Nowa pełnomocnik rządu: musimy wzmacniać nasze sieci energetyczne

Fot. Pixabay
Fot. Pixabay

Musimy wzmacniać nasze sieci energetyczne. Absolutnym priorytetem jest, by one były przygotowane na zmieniający się miks energetyczny - powiedziała w poniedziałek Pełnomocnik Rządu do spraw Strategicznej Infrastruktury Energetycznej Anna Łukaszewska-Trzeciakowska.

Reklama

Łukaszewska-Trzeciakowska wzięła w poniedziałek udział w panelu dyskusyjnym w ramach 11. Ogólnopolskiego Szczytu Energetycznego OSE Gdańsk 2023. Dyskusja była poświęcona bezpieczeństwu energetycznemu Europy i rewizji europejskiej polityki energetycznej.

Reklama

„Musimy wzmacniać nasze sieci energetyczne.

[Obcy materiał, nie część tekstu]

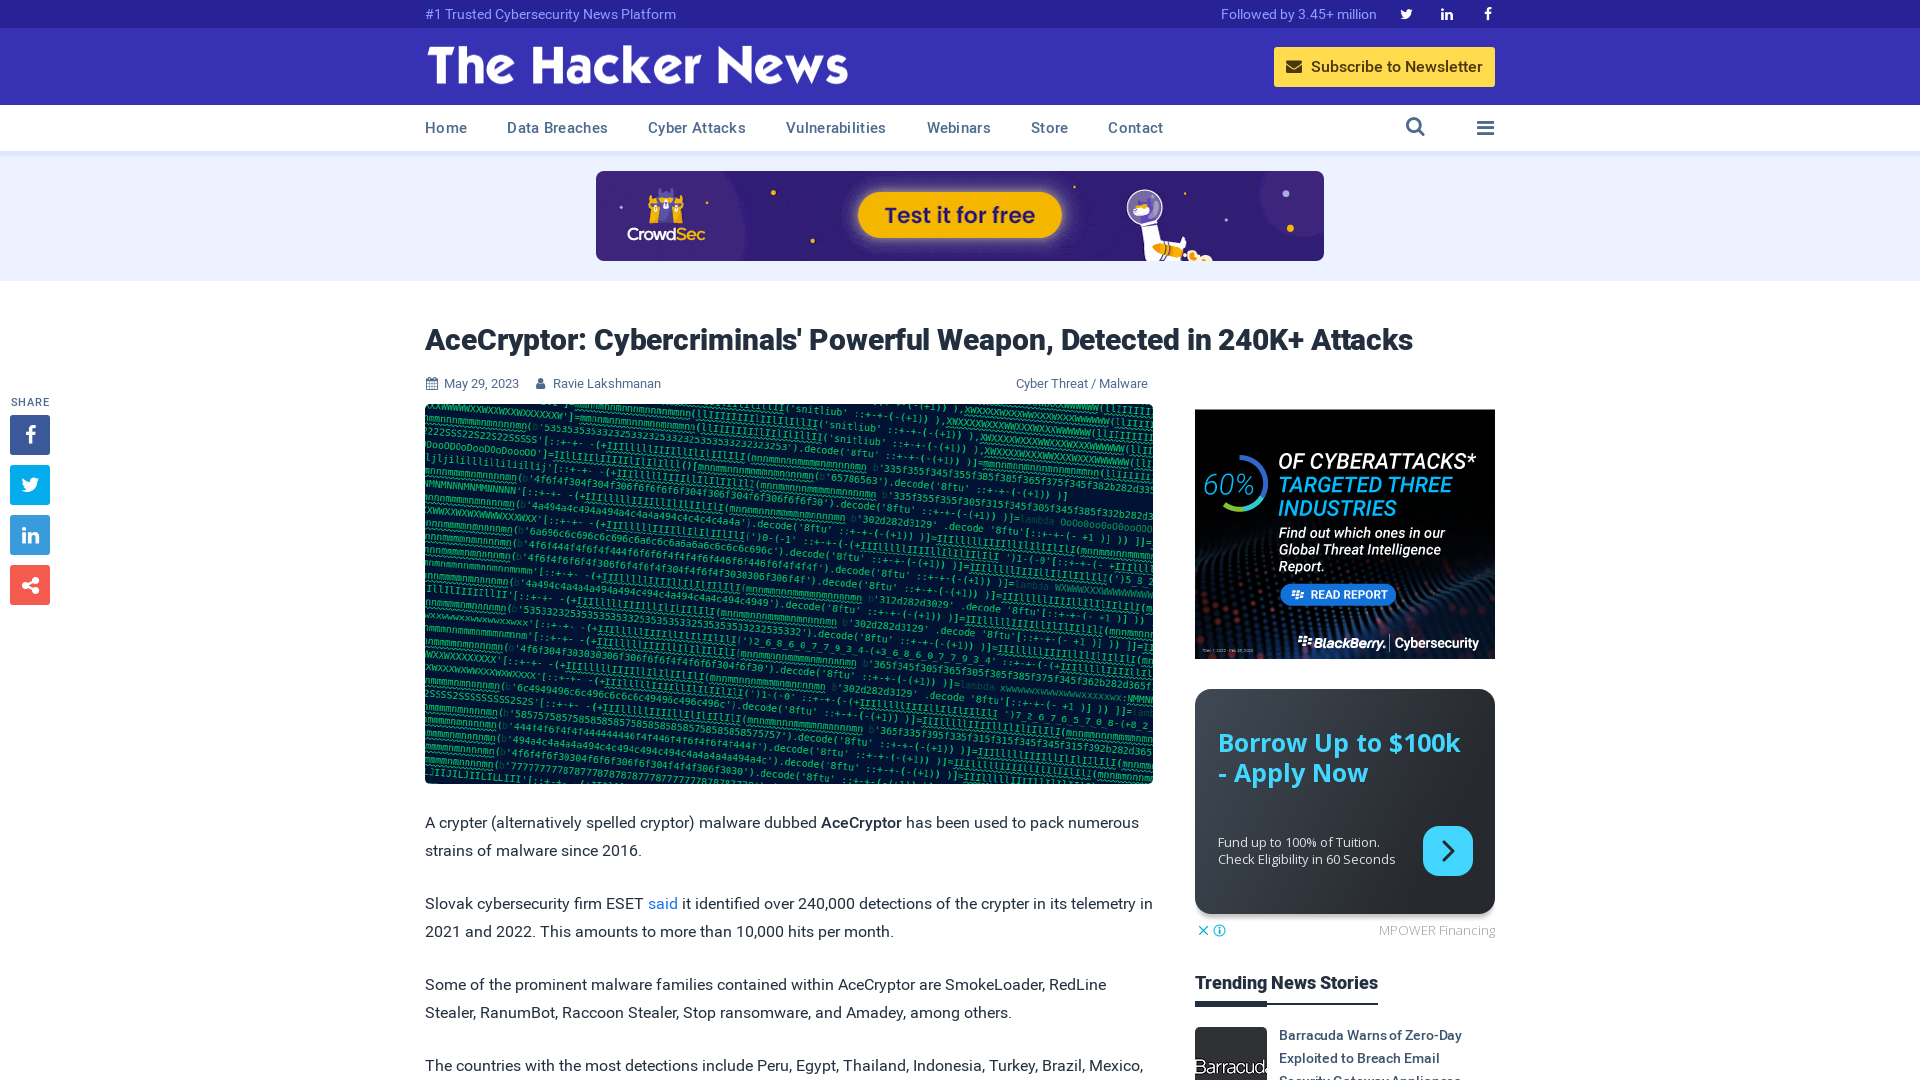 AceCryptor: Cybercriminals' Powerful Weapon, Detected in 240K+ Attacks

Absolutnym priorytetem jest to żeby one były przygotowane na zmieniający się miks energetyczny. On oczywiście nie zmieni się w ciągu godziny, ale zmieni się i zmienia się bardzo szybko, już w tej chwili to widzimy i te sieci muszą się również do tego dostosować" – powiedziała Anna Łukaszewska-Trzeciakowska.

„Musimy mieć w pamięci energetykę rozproszoną, udział OZE, prosumentów, mały atom, to wszystko musi się w sieci zmieścić, to jest pierwszy priorytet (...). Po drugie - gaz. Przeszliśmy tą zimę w miarę suchą stopą, bardzo dużo wysiłku nas to kosztowało, ale to wciąż nie jest zamknięty temat. Ten kryzys cały czas trwa" – wskazała.

Reklama

„Trzeci priorytet to jest atom. I to atom w dwóch wymiarach. Zarówno jeżeli chodzi o tą inwestycję państwową na Pomorzu, która wchodzi w decydującą fazę i trzeba się na tym bardzo mocno skupić, ale również atom rozproszony. Pan premier był w piątek w Kanadzie, obserwował jak SMR-y są przygotowywane, był na pierwszym placu budowy. To również jest przyszłość Polski" – dodała.

Anna Łukaszewska-Trzeciakowska pytana przez prowadzącego panel o to kiedy można się spodziewać pierwszego kamienia milowego wskazała, że harmonogram jest realizowany z „żelazną konsekwencją". „Wczesną jesienią powinien być kolejny przełomowy moment, o którym będziemy informować" – podkreśliła.

Wiceminister aktywów państwowych, pełnomocnik rządu ds. transformacji spółek energetycznych i górnictwa węglowego Marek Wesoły zaznaczył, że transformacja energetyczna ma być przede wszystkim bezpieczna. „Do tego by to się odbyło bezpiecznie i w miarę szybko, potrzebne jest nam przede wszystkim stabilne źródło energii i jak najtańsza energia obecnie. Dzisiaj robimy wszystko aby Polska przechodziła przez okres transformacyjny suchą stopą i aby transformacja nie była tak ogromnym wysiłkiem jeśli chodzi o ceny energii" – mówił.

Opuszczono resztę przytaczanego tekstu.